Part 4: Intro to GDB: break, conditional break, run, continue

  1. In this section, you will learn the gdb commands break, conditional break, run, and continue. This section will resolve bug(s) along the way. Make sure to fix the bug(s) in the code before moving on.

    Click here to watch the companion video

    1. Recompile and run your code. You should see that the assertion number is failing

    2. Start cgdb

      cgdb pwd_checker
      
    3. Let's set a breakpoint in our code to jump straight to the the function check_number using the following command

      break pwd_checker.c:check_number
      

      or

      b pwd_checker.c:check_number
      
    4. Use the following command to beginning running the program

      run
      

      or

      r
      

      Your code should run until it gets to the breakpoint that we just set.

    5. Step into check_range.

    6. Recall that the numbers do not appear until later in the password. Instead of stepping through all of the non-numerical characters at the beginning of password, we can jump straight to the point in the code where the numbers are being compared using a conditional breakpoint. A conditional breakpoint will only stop the program based on a given condition. The first number in the password 1, so we can set the breakpoint when letter is '1'. To set this breakpoint, enter the following line

      b 31 if letter=='1'
      

      We are using the single quote because 1 is a char. We did not need to specify the file name as we did last time, because we are already in pwd_checker.c.

    7. To continue executing your code after it stops at a breakpoint, use the following command

      continue
      

      or

      c
      
    8. The code has stopped at the conditional breakpoint. To verify this, print letter

      p letter
      

      It printed 49 '1' which is a decimal number followed by it's corresponding ASCII representation. If you look at an ASCII table, you can see that 49 is the decimal representation of the character 1.

    9. Let's take a look at the return value of check_range. Print is_in_range.

    10. The result is false. That's strange. '1' should be in the range.

    11. Let's look at the upper and lower bounds of the range. Print lower and upper.

    12. Ahah! The ASCII representation of lower is \000(the null terminator) and the ASCII representation of upper is \t.
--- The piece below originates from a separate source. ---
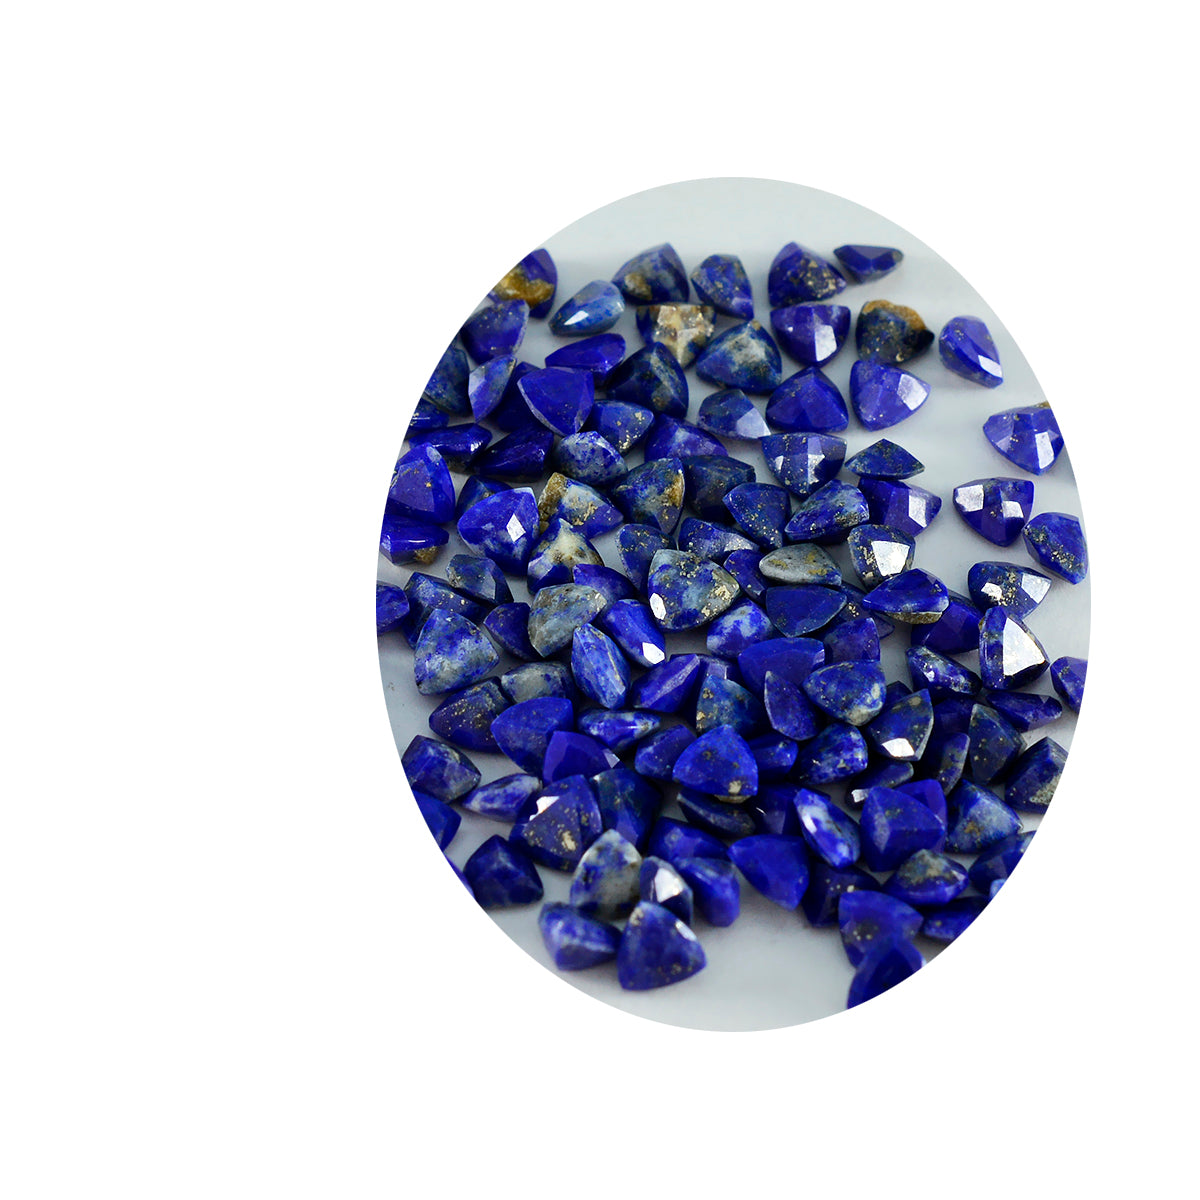 Riyogems 1 Stück echter blauer Lapislazuli, facettiert, 4 x 4 mm, Billionenform, süßer Qualitätsstein
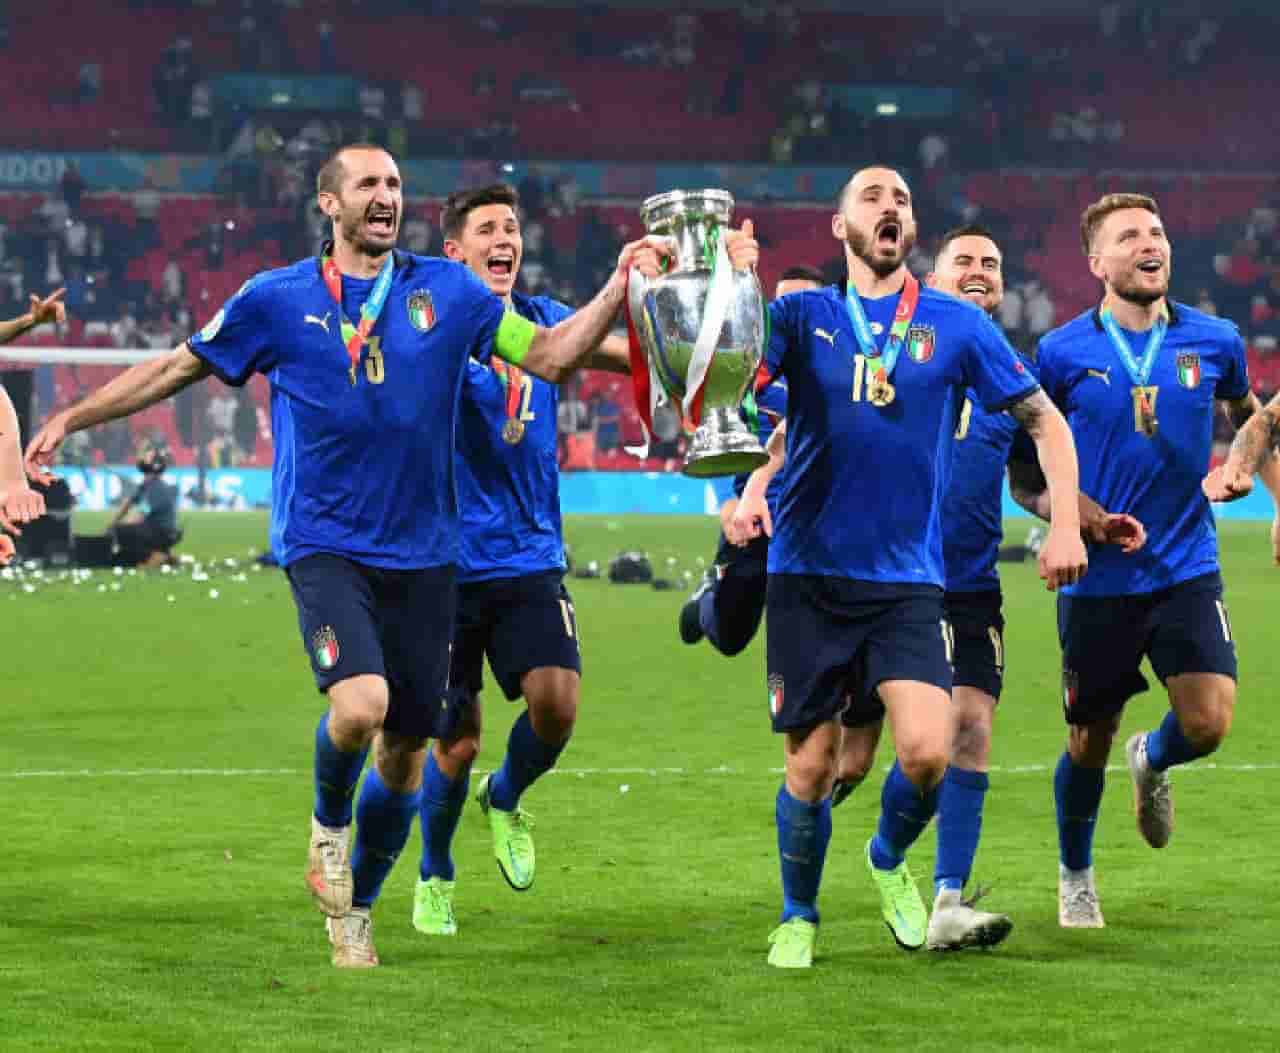 Fiat festeggia l'Italia campione d'Europa: il post celebrativo su Instagram

It looks like we passed in the numbers 0 and 9 instead of the characters '0' and '9'! Let's fix that

      if (check_range(*password, '0', '9')) {
      
    13. Quit cgdb and compile and run your code.

  2. Debug check_upper on your own using the commands you just learned.

  3. Once you have fixed the bug in check_upper be sure to remove the assert statements that you added in exercise 2, part 2 since these asserts were created to test only the first test case.


Exercise 3

Learning Goals

  1. See an application of double pointers
  2. Get more practice using gdb
  3. Learn how to find the location of segfaults using gdb

Part 1: Printing

In GDB, you can print out more than just simple variables. Here are some examples:

  1. You can print out a member of a struct

    p my_struct->my_member
    
  2. You can print out the result of a function

    p strlen(my_string)
    
  3. You can print the dereferenced value of a pointer

    p *my_pointer
    

Part 2: Double Pointers

  1. When do we use double pointers?

    Here is a scenario to help you understand when to use double pointers.

    Let's say that we have the following struct:

    typedef struct Node {
        int data;
        struct Node *next;
    } Node;
    

    And the following linked list:

    1. We want to have a function called update_integer that will update the value of an integer. It's signature should look like:

      void update_integer(SOMETYPE int_to_update)
      

      What should be the type of int_to_update?

      Answer

      int *

      We must use a pointer of to the integer in order to change the value of the original integer. If we just pass int, we will only change the local copy of the integer, and the change will not be reflected outside of the function.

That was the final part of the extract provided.